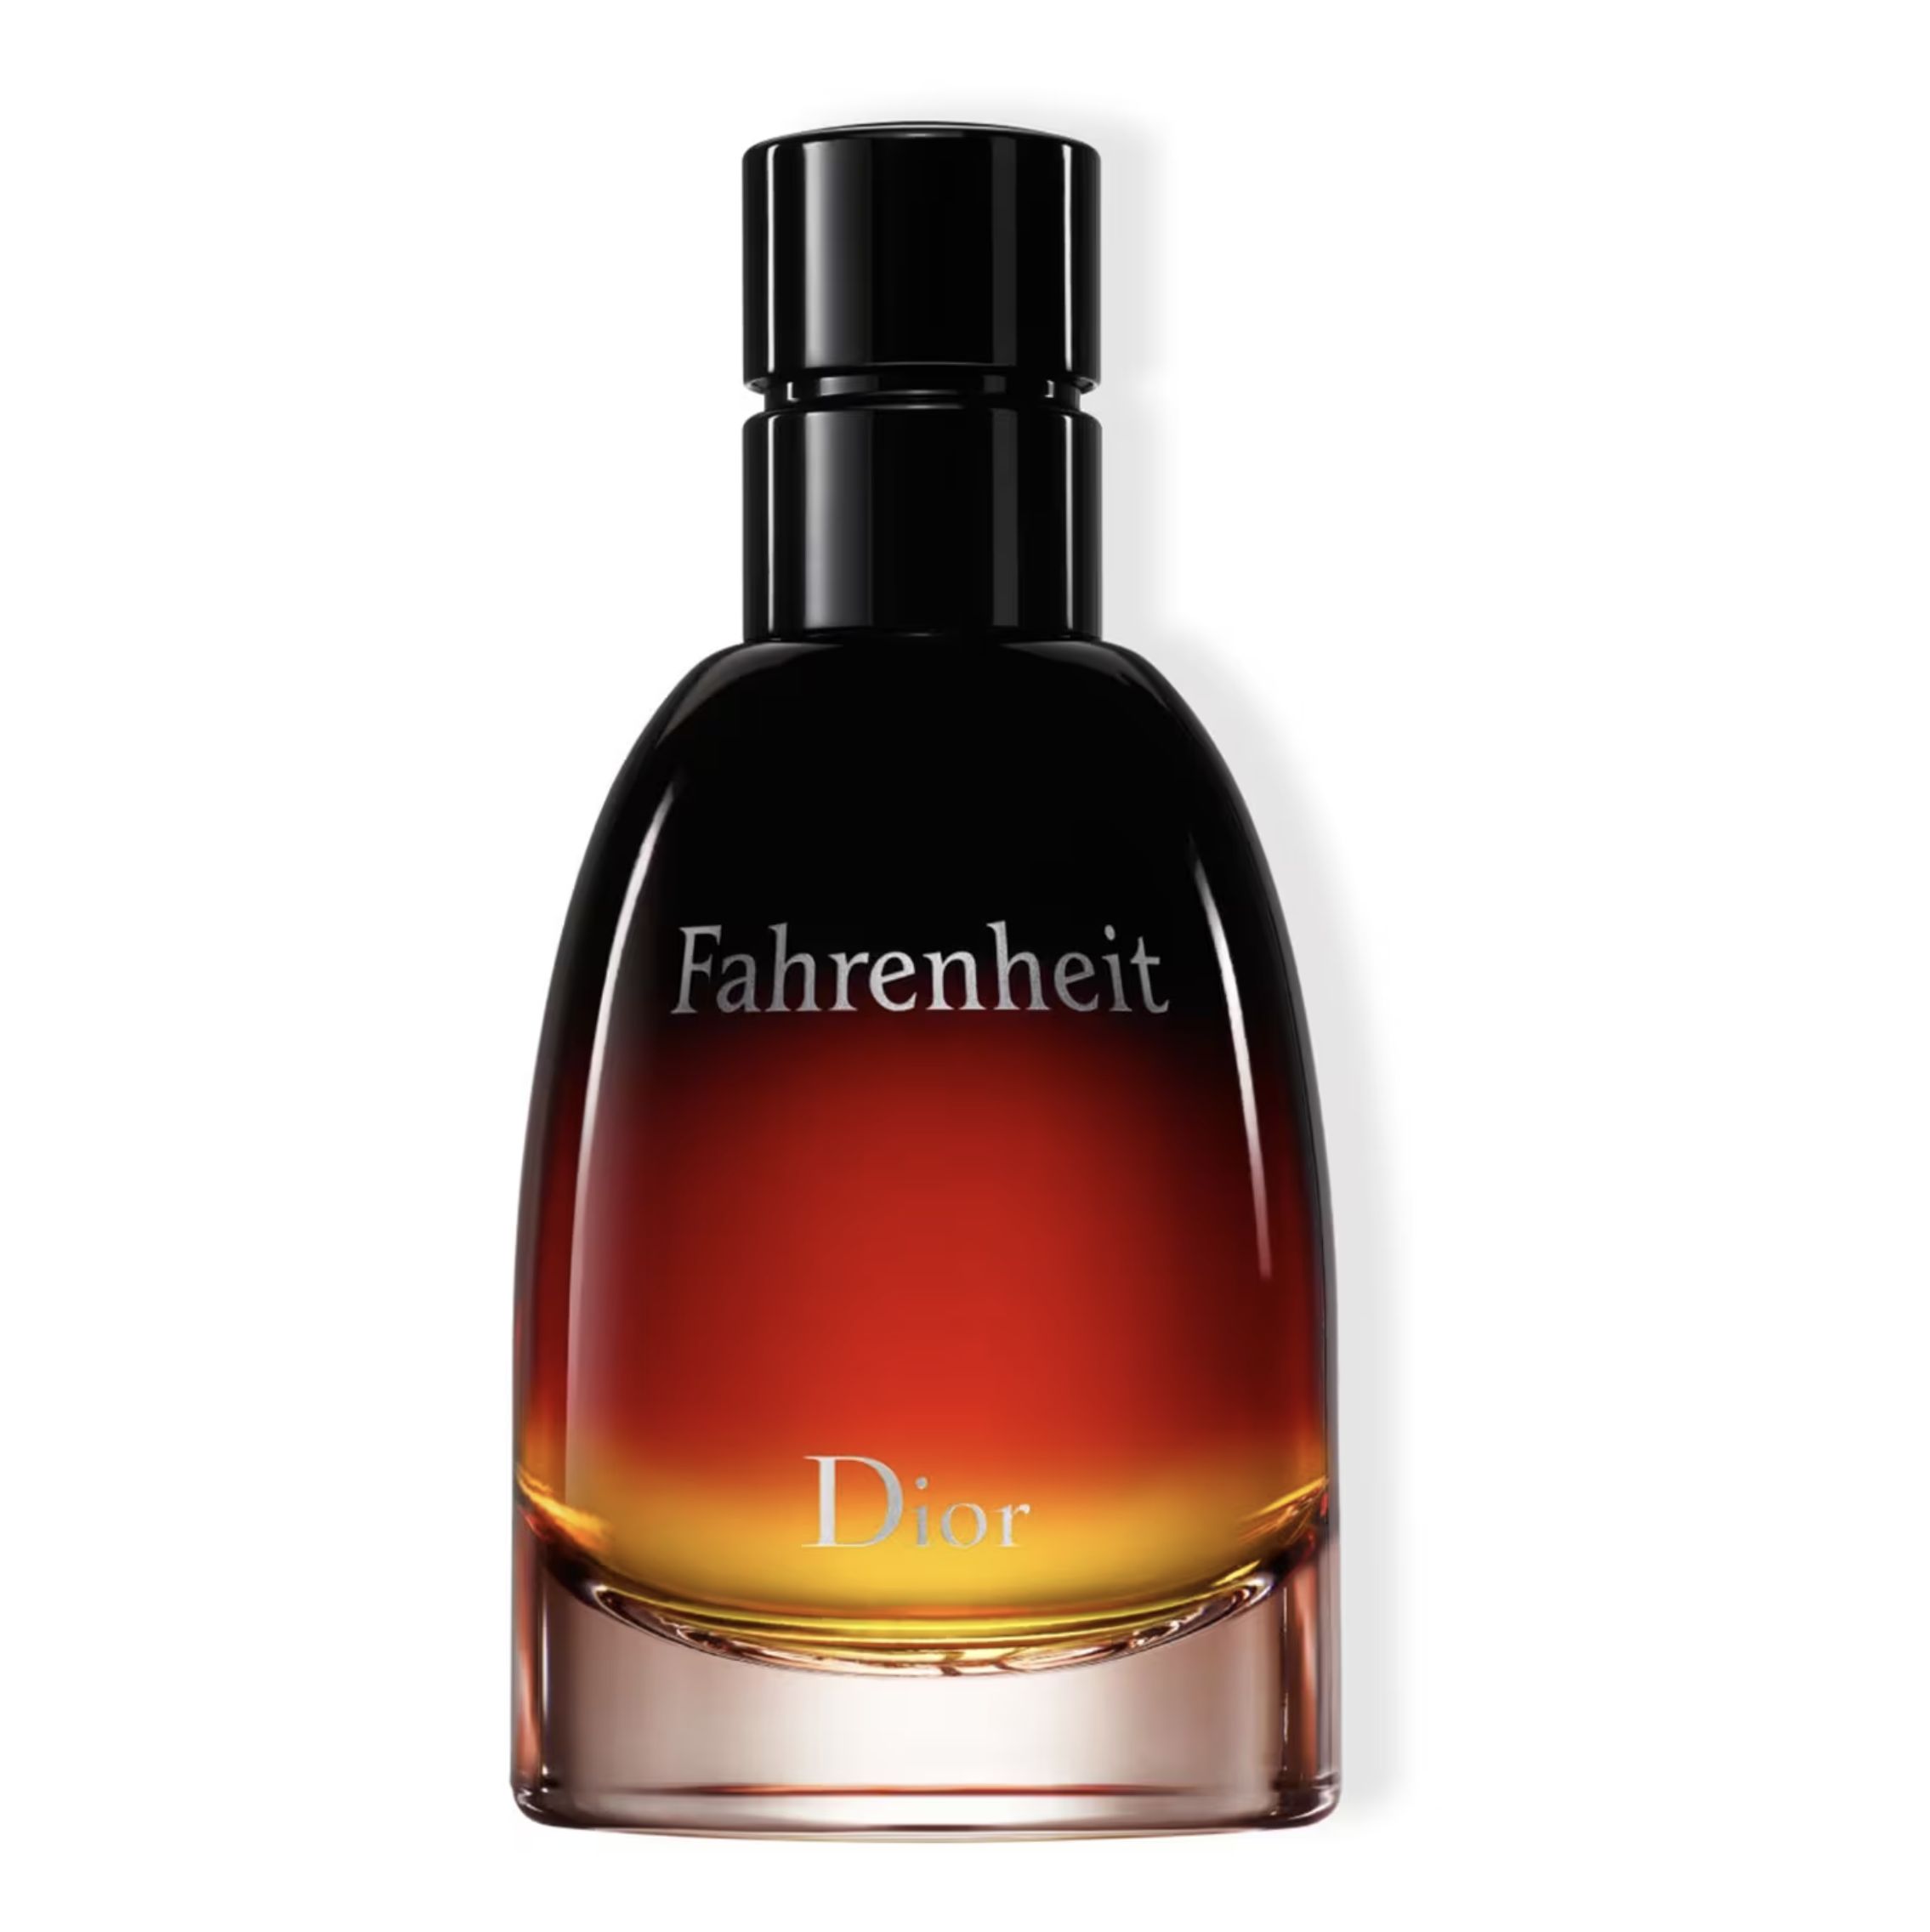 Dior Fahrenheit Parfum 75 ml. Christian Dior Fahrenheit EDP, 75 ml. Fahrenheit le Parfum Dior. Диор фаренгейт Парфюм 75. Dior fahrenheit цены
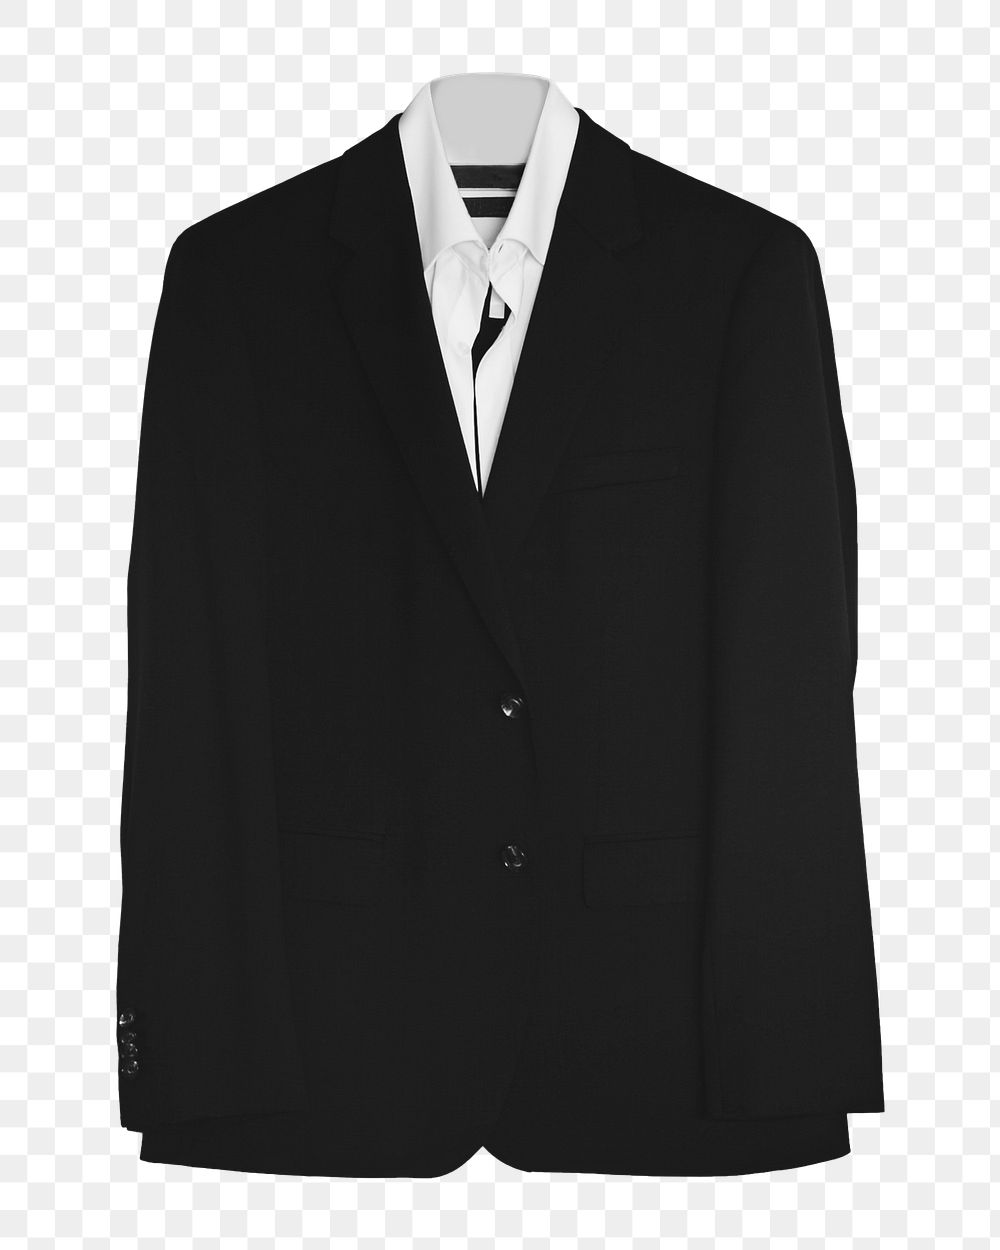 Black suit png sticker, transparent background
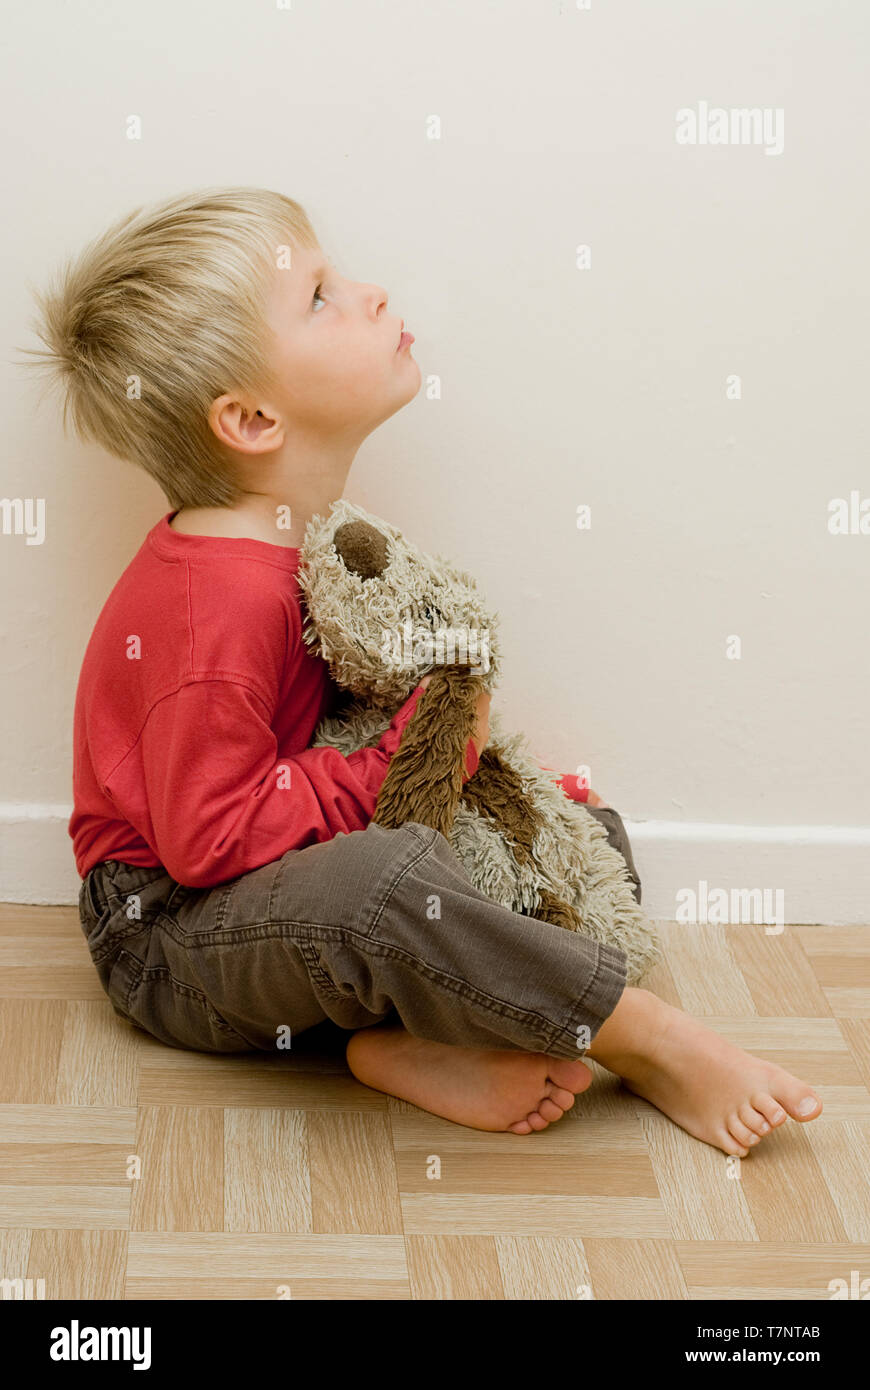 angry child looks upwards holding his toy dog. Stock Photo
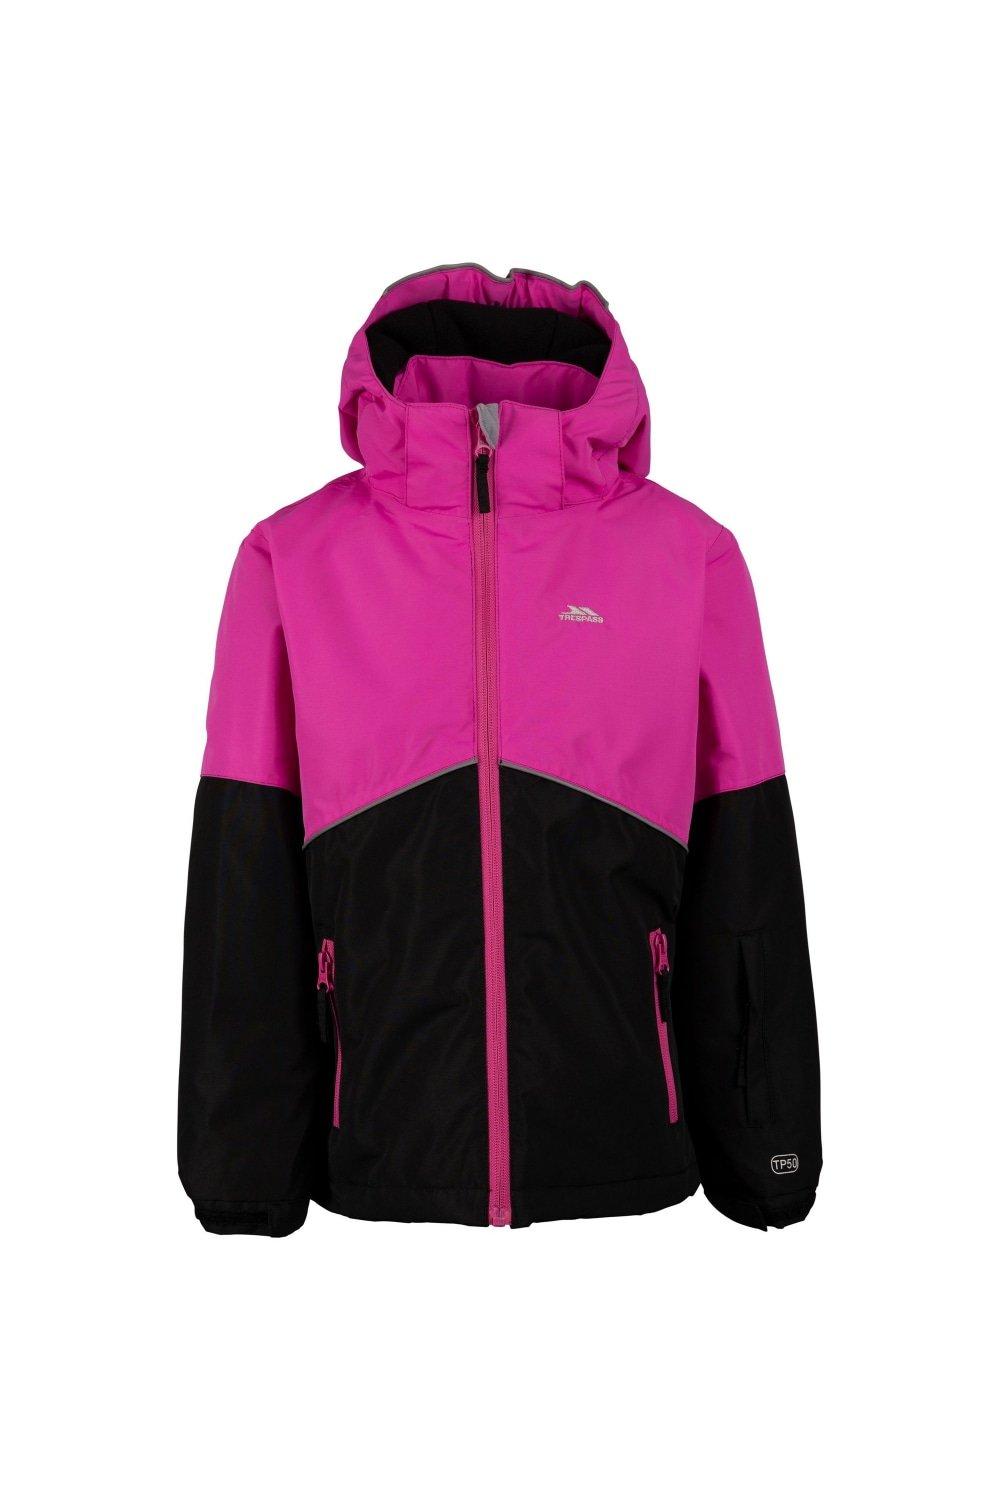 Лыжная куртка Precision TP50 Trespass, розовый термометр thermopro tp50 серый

> **WHAT IS BEING ASKED**
Omitting all pictures, retype exactly the lines from the line containing "angry child looks" down to the last line above, both ends included.

> **SOLUTION**
 angry child looks upwards holding his toy dog. Stock Photo
 Лыжная куртка Precision TP50 Trespass, розовый термометр thermopro tp50 серый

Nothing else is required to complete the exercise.